Solution is partial correct in response 'iravinandan', but in last part of your nodejs router just simple add status(200) and that's it. Or you can set your personal status clicking on advance tab, on end of the page.
app.get('/__health', (request, response) => response.status(200).end(""));
More info here: enter link description here
Regards
My case was a React application running on FARGATE mode.
The first issue was that the Docker image was built over NodeJS "serving" it with:
CMD npm run start # react-scripts start
Besides that's not a good practice at all, it requires a lot of resources (4GB & 2vCPU were not enough), and because of that, the checks were failing. (this article mentions this as a probable cause)
To solve the previous issue, we modify the image as a multistage build with NodeJS for the building phase + NGINX for serving the content.

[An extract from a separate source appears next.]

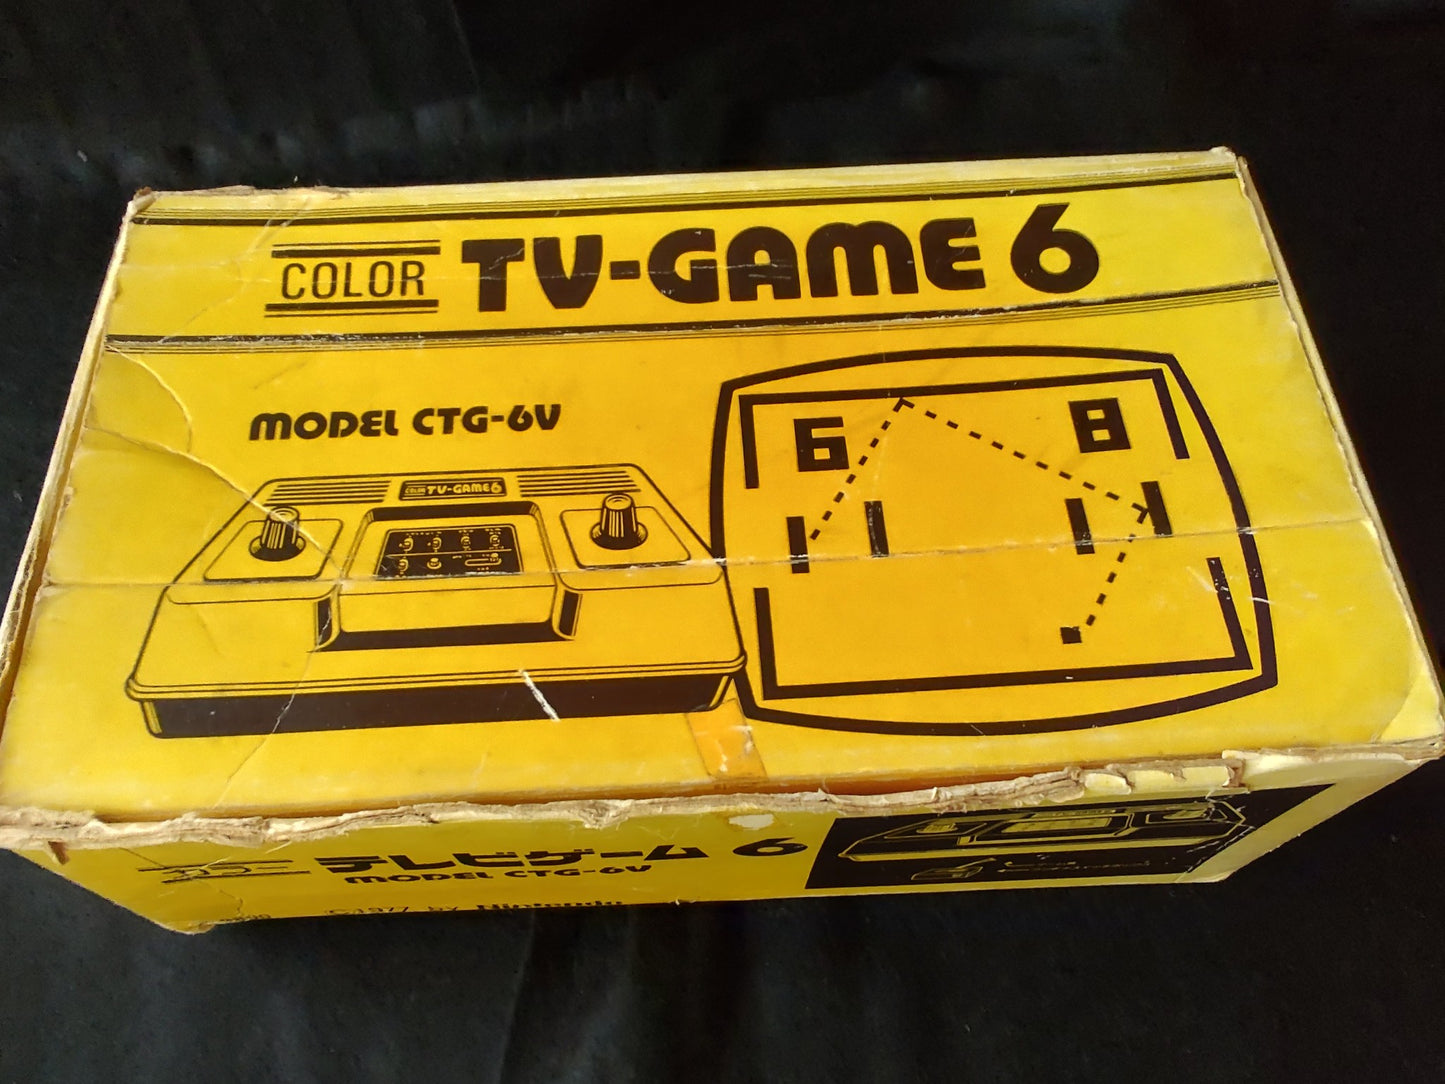 Nintendo TV GAME 6 (CTG-6V) Console,RF switch,Manual,Boxed set Tested-f0529-

Locally that was working great, but we haven't realized that the default port for NGINX is 80, and you can not use a different host and container port on FARGATE with awsvpc network mode.
To troubleshoot it, I launched an EC2 instance with the right Security Groups to connect with the FARGATE targets on the same port the Load Balancer was failing to perform a Health Check. I was able to execute curl's commands against other targets, but with this unhealthy target (constantly being recycled) I received an instant Connection refused response. It wasn't a timeout, which told me that the target was not able to manage that request because it was not listening to that port. Then I realized that my container was expecting traffic on port 80 and my application was configured to work on a 3xxx port.
The solution here was to modify the default configuration of NGINX to listen to the port we wanted, re-build the image and re-launch the service.
On my case, my ECS Fargate service does not need load balancer so I've removed "Load Balancer" and "Security Group" then it works.
I had the same issue with deploying a java springboot app on ACS running as a fargate. There were 3 issues which I had to address to fix the problem, if this can help others in future.
The container was running on port 8080 (because of tomcat), so the ELB, target group and the two security groups (one with ELB and one with ECS) must allow 8080 in their inbounds rules. Also the task set up had to be revised to change the container to map at 8080.
The port on target group health check section (advance settings) had to be explicitly changed to 8080 instead of 80 as the default.
I had to create a dummy health check path in the application because pinging the root of the app at "/" was resulting in a 302 error code.
Hope this helps.
I have also faced the same issue while using the AWS Fargate.
Here are some possible solutions to try:
First Check the Security group of Service that Attached has outbound and Inbound rules in place.
If you are using the Loadbalancer and pointing out to target group then you must enable the docker container port on security group and attached the inbound traffic only coming from the ALB security group
3)Also check the healthcheck endpoint that we are assigning to target group are there any dependanies it should return only 200 status repsonse / what we have specifed in target group
In my case it was a security group rule which allowed connections only from a certain IP, and this was blocking healthchecks from LB. I added VPC's cidr as another rule to the security group and then it worked.